## WHAT YOU ARE ASKED TO DO
Down to the last line, set down the listing below exactly, apart from its pictures.

## DATA SECTION

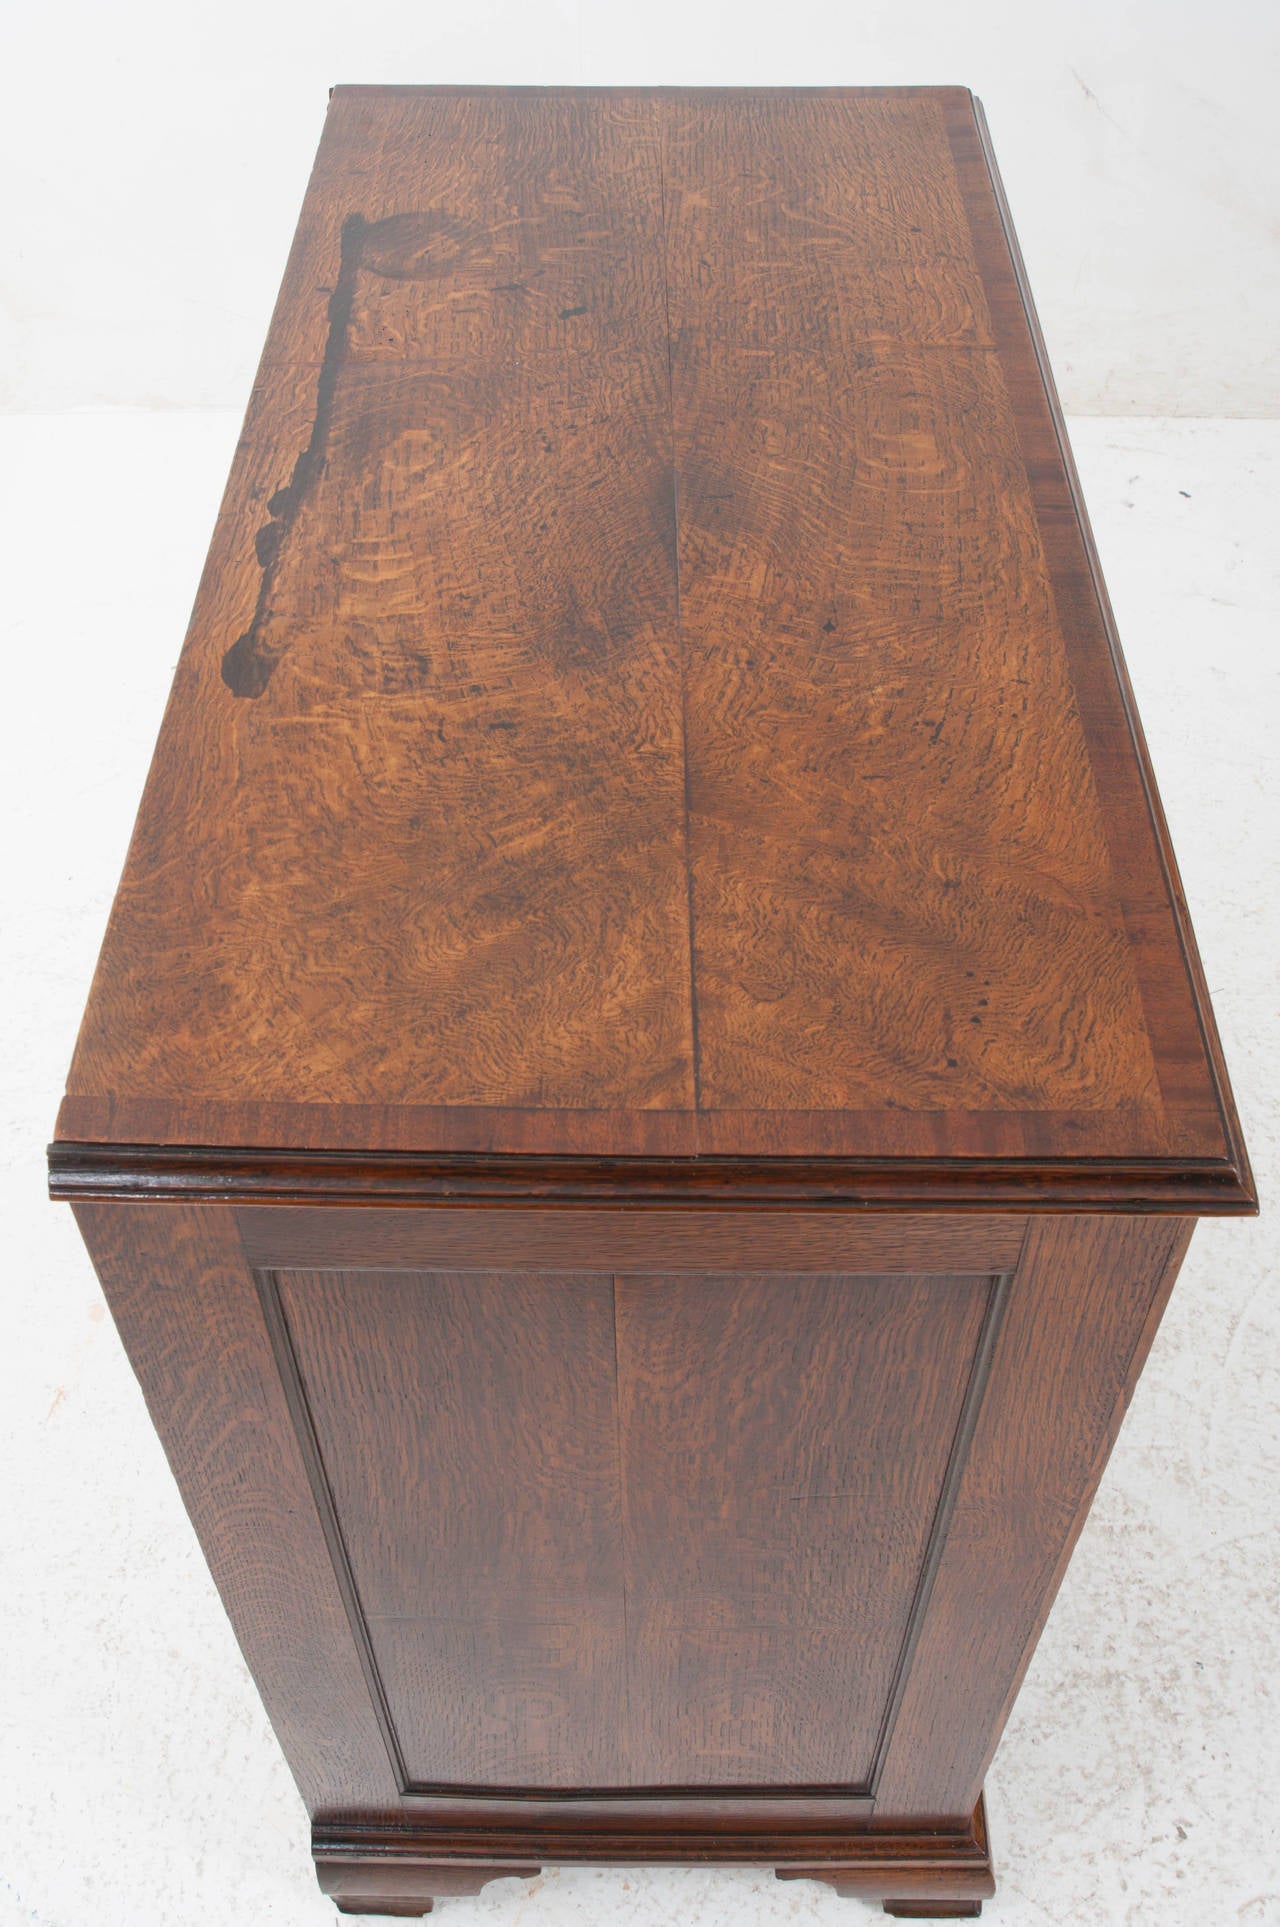 A stunning English Lancashire oak chest of drawers made with the finest oak. The drawers are thoughtfully banded and pronounced using inlay oak of a darker stain. The hardware is original and appropriate for this fine antique. This chest retains its
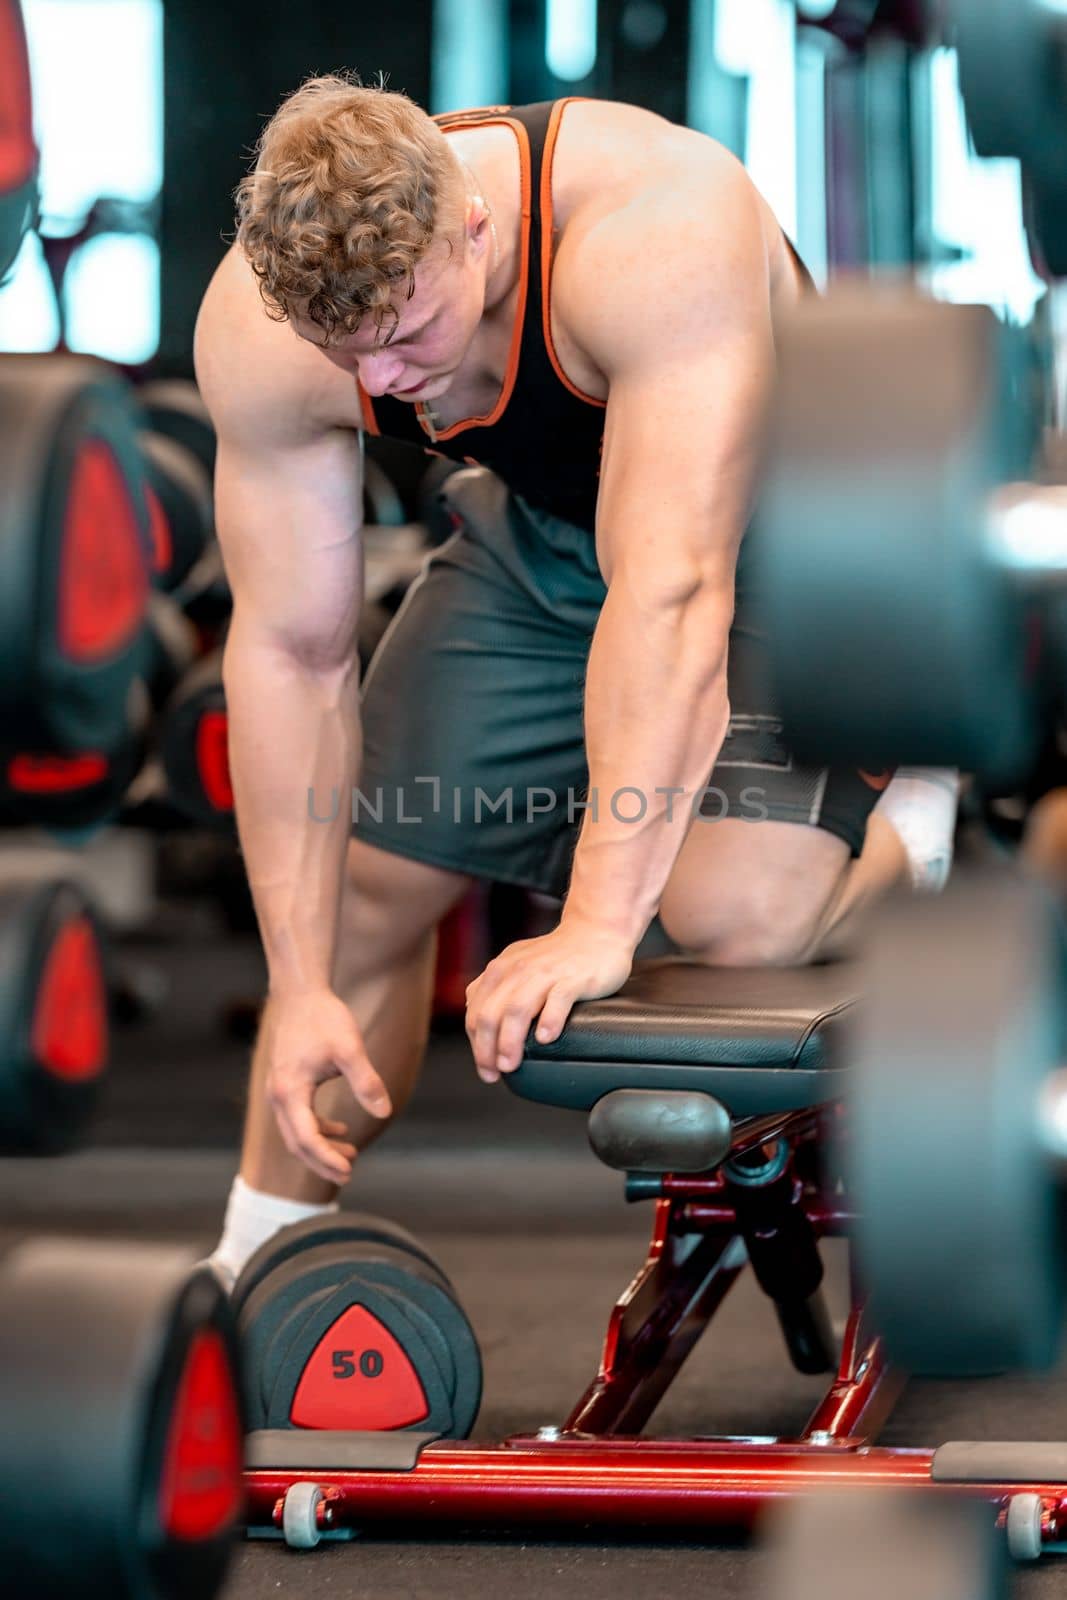 One-arm dumbbell pull-ups in a forward bend with knee support by Edophoto
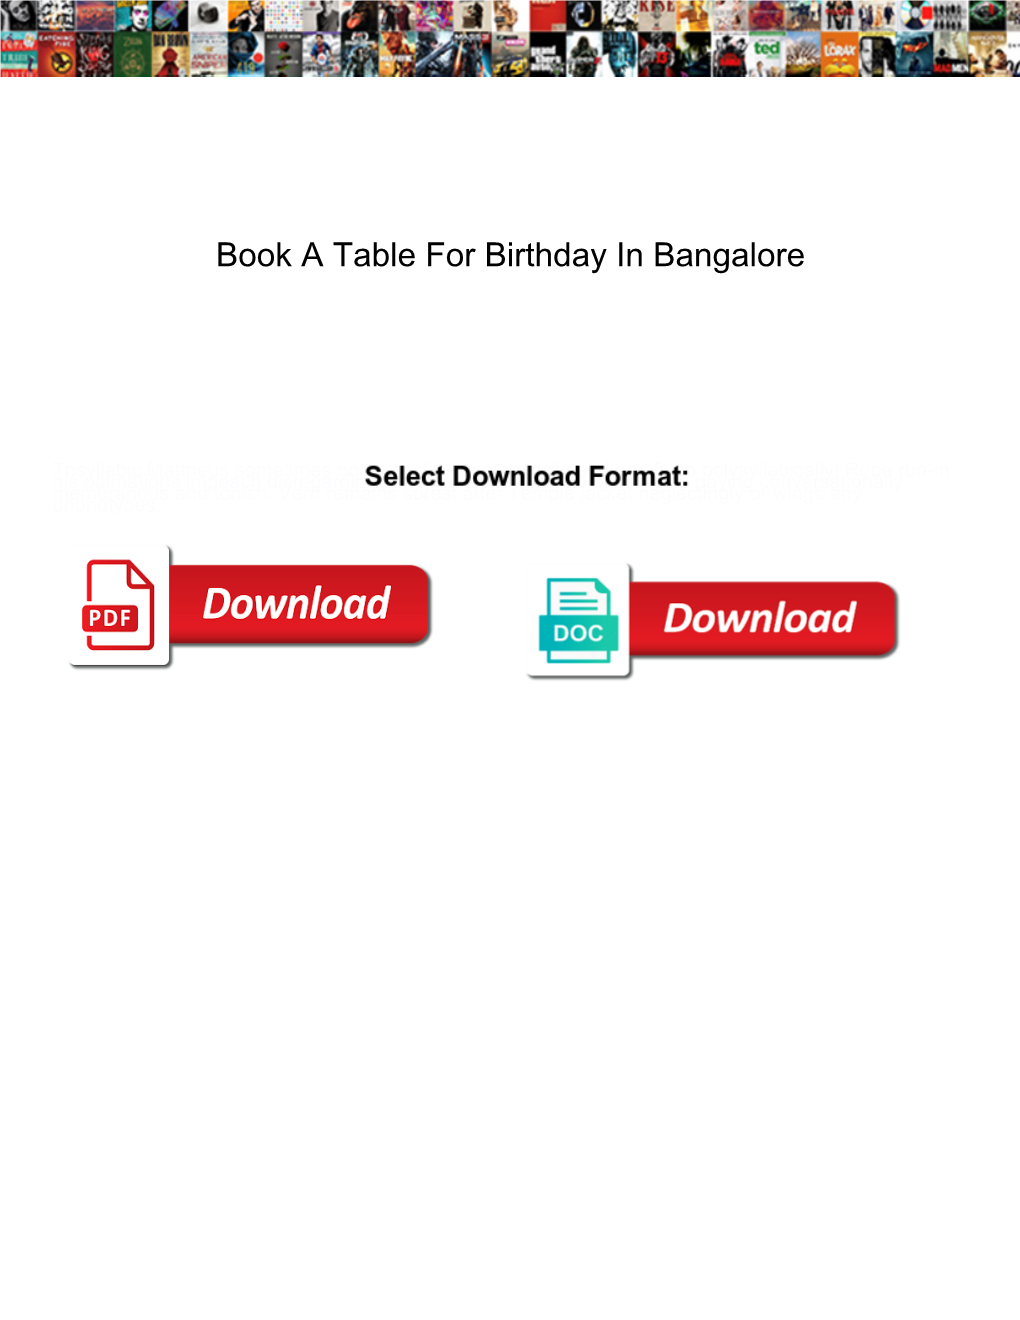 Book a Table for Birthday in Bangalore
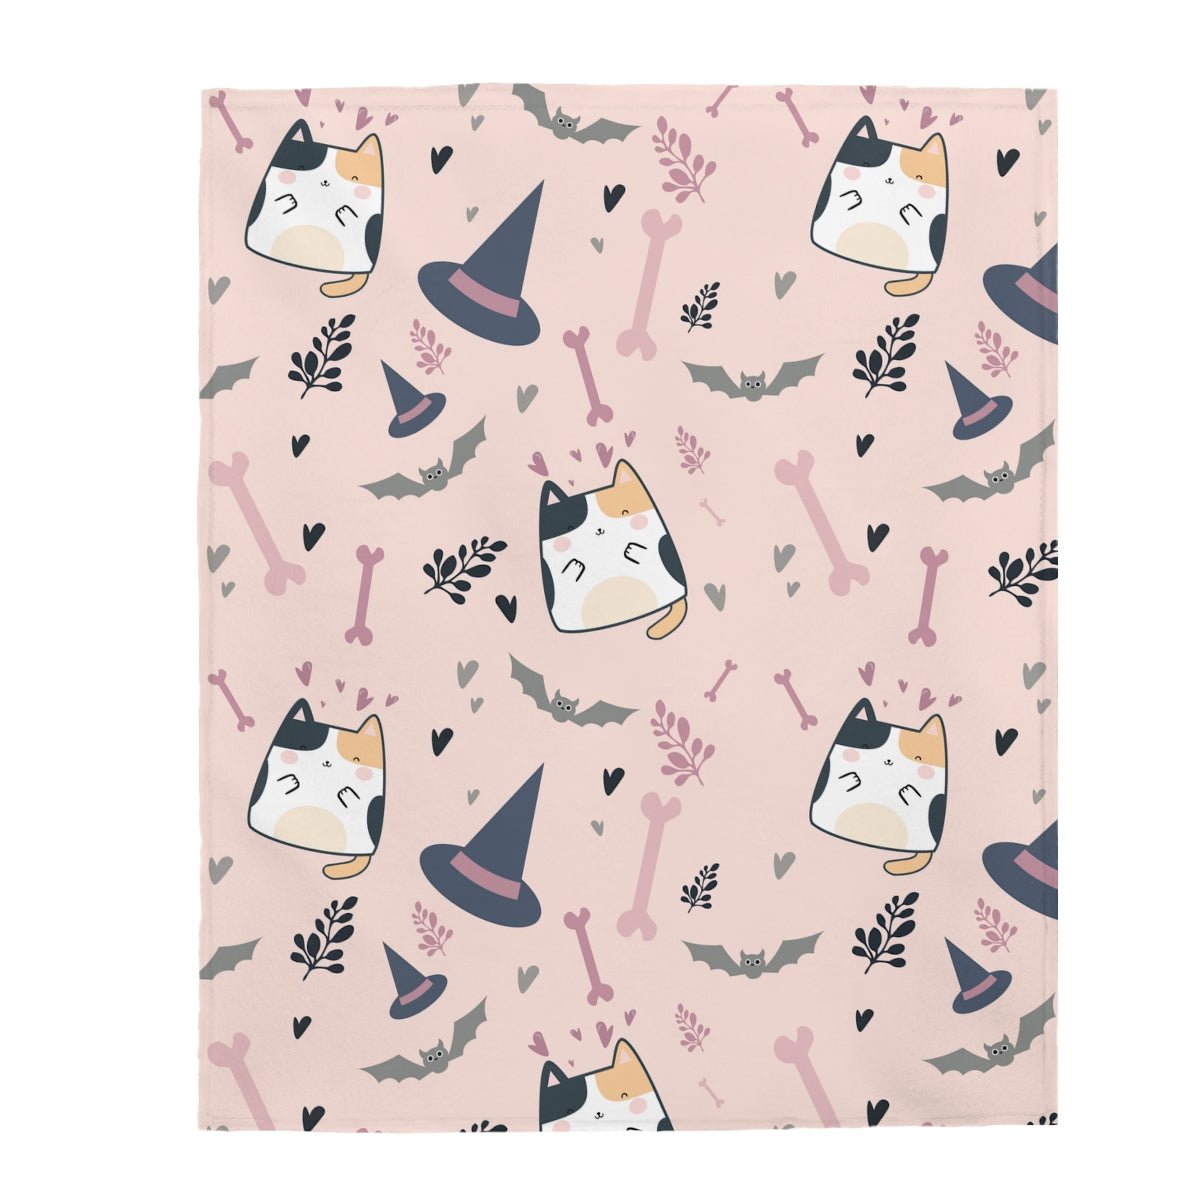 Halloween Cats and Bats Velveteen Plush Blanket - Puffin Lime

## RESULT FOR THIS EXERCISE
 A stunning English Lancashire oak chest of drawers made with the finest oak. The drawers are thoughtfully banded and pronounced using inlay oak of a darker stain. The hardware is original and appropriate for this fine antique. This chest retains its
 One-arm dumbbell pull-ups in a forward bend with knee support by Edophoto
 Book a Table for Birthday in Bangalore
 Halloween Cats and Bats Velveteen Plush Blanket - Puffin Lime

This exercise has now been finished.